According to the regional director of UNODC for West and Central Africa, Dr. Amado Philip de Andrés “Persons living with Disability contribute to the development of a nation and have the same rights as any other person. Therefore, we risk missing many talents like the ones shown by the 9 artists member of Handicap.sn during this exhibition, if we do not provide them with the resources, support, and dignity that any human being needs to develop her or his full potential."
   

The opening of the exhibition was preceded by a panel with the participation of: Mrs. Aïssatou Cissé, Special Advisor to the President of the Republic, Macky Sall, in charge of policies related to vulnerability and disability; Mrs. Amy SARR FALL, Director of Intelligences magazine; Dr. Amado Philip de Andrés, Regional Director of UNODC Regional Office for West and Central Africa; Mr. Issa SAKA, National Programme Coordinator, UNODC, Regional Office for West and Central Africa; Ms. Moetsi Duchattelier, Regional Gender Advisor, Office of the United Nations High Commissioner for Human Rights, Regional Office for West Africa (OHCHR-WARO); Mr. Martin HEMMI, UNODC, Trafficking in Persons and Smuggling of Migrants Section who launched the “Abused and Neglected” report in French.

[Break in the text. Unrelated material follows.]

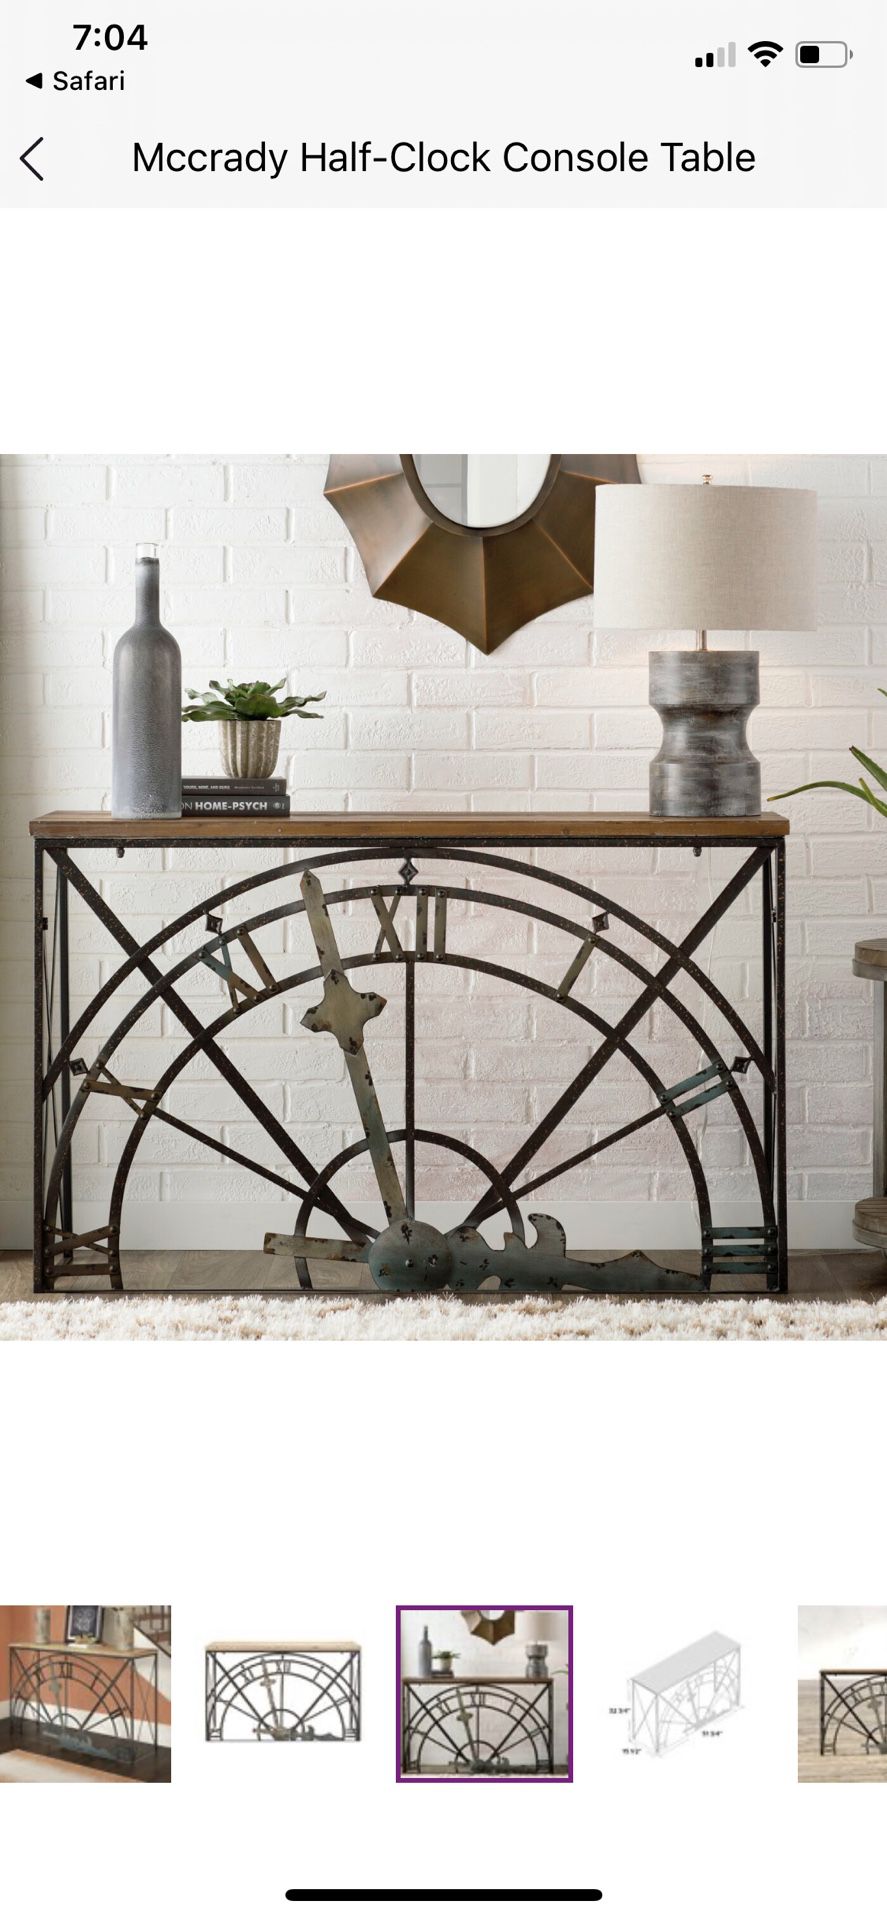 NEW REDUCED PRICE!!!!UNOPENED Half clock Console Table FOR SALE

Nine artists members of Handicap.sn told the stories of people living with a disability who were victims of trafficking through art. Bakary Diakite depicts the story of a Princess forced into prostitution by her aunt. Khady Pouye portrays a young girl living with a disability whose mother forced her to beg in order to support her family. Mane Ndiaye shows the Broken Innocence of a child, also forced to beg by his mother. Boun Oumar Ndiaye denounces the fate of a child forced to work by his uncle. Nafi Diatta lifts the veil on forced marriage and prostitution. Souleymane recounts his childhood when he was forced to beg. Khady Touré sheds tears from the heart and denounces forced and early marriage in Senegal. Mamadou Barre recounts his experience as a talibé child forced to beg. Ndary Gueye takes us into Coumba's Dance for Freedom, as she was promised to a life of a girl child forced to beg by her mother, but she overcame all obstacles to become a dancer. 

This exhibition is the result of a workshop that took place from November 22 to 30, 2021, during which the artists were trained by the UNODC West and Central Africa Trafficking in Persons and Smuggling of Migrants (TIPSOM) section to understand the relationship between the concepts of human trafficking, smuggling of migrants, vulnerability, and disability. On the other hand, the photojournalist Marta Moreira guided them in the artistic implementation of these notions in order to produce their works through mixed techniques of photography and plastic arts, allowing to keep the anonymity of the victims. 

Most of the stories are related to women or children who are victims of trafficking. In the context of International Women’s Day, the aim was to convey the message that: to achieve sustainable equality, it is up to everyone to commit to the promotion and protection of the rights of every woman and man including people with disabilities, especially women, against trafficking and to show that with creativity and support there is no obstacle to the achievement of one’s dream.